I have a client who refinanced his jumbo loan with me about 1½ years ago. Watching the rates fall, he emailed me to ask if another refinance might be in order.

The best I could offer was 4.375 percent with no fees on a new 30-year, fixed-rate loan. This was a drop of just .25 percent from his existing rate of 4.625 percent. Because there are no closing costs, one could make an argument that he should undertake the paperwork for a new loan that would save him .25 percent. But the paperwork to do a refinance is cumbersome, so I didn’t blame him for hesitating.

Because my job is to lay out all the options, I suggested that he look at a 7/1 adjustable-rate mortgage (ARM), which carries a fixed rate for the first seven years and can adjust annually thereafter. It was only then that he told me he and his wife have fairly firm plans to retire in eight years or less, sell their existing home and relocate.

His objectives clearly are a bit different from what I had thought, and an ARM became much more compelling.

I quoted him an interest rate of 3.875 percent with no fees. After running the numbers, we found that the guaranteed savings over the first seven years would be substantial.

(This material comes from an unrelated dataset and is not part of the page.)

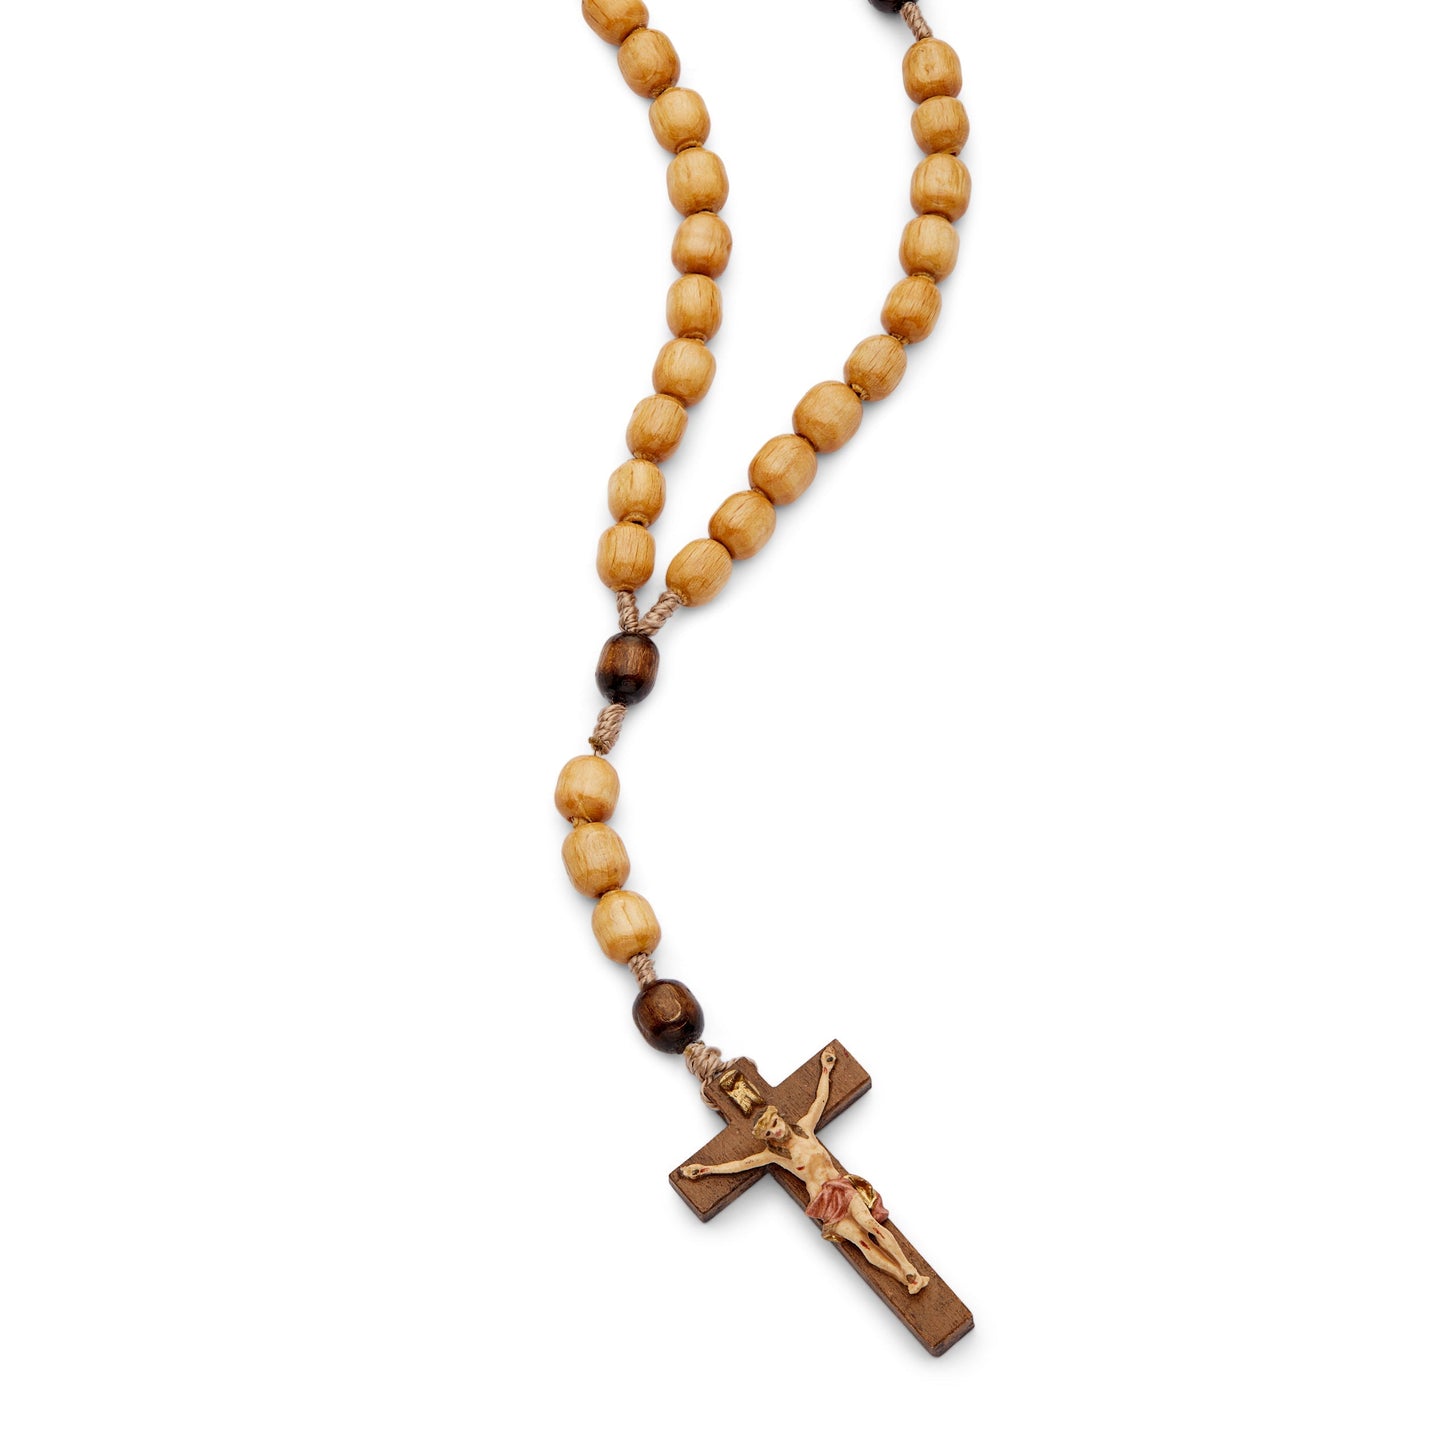 MONDO CATTOLICO Prayer Beads Wooden Rosary with a Coloured Crucifix

First, his principal-and-interest payment would drop by $353 per month during the loan’s the first seven years, saving $29,652. Additionally, because the interest rate would be lower, he would pay off the debt faster. My calculator shows that without refinancing, his balance will drop in seven years to about $523,000. If he refinanced to 3.875 percent, however, his monthly payment would drop by $353, and his balance at the end of seven years would be about $519,000.

Adding the $29,652 in payment savings to the $4,000 in extra equity would give him a total guaranteed savings of $33,652 before his interest rate could go up in year eight.

In a worst-case scenario, his rate would rise to 5.875 in the loan’s eighth year. This is 2 percent above the 3.875 percent ARM rate and just 1.25 percent above his existing 4.625 percent loan. Under the worst-case scenario, he would spend less than $6,000 in extra interest payments in year eight. So, at the end of year eight, he still would be $27,652 ahead of the game.

Based upon the objectives of these folks, an ARM clearly is a viable choice. They would have to weather a very unlikely perfect storm of events to lose money with the ARM.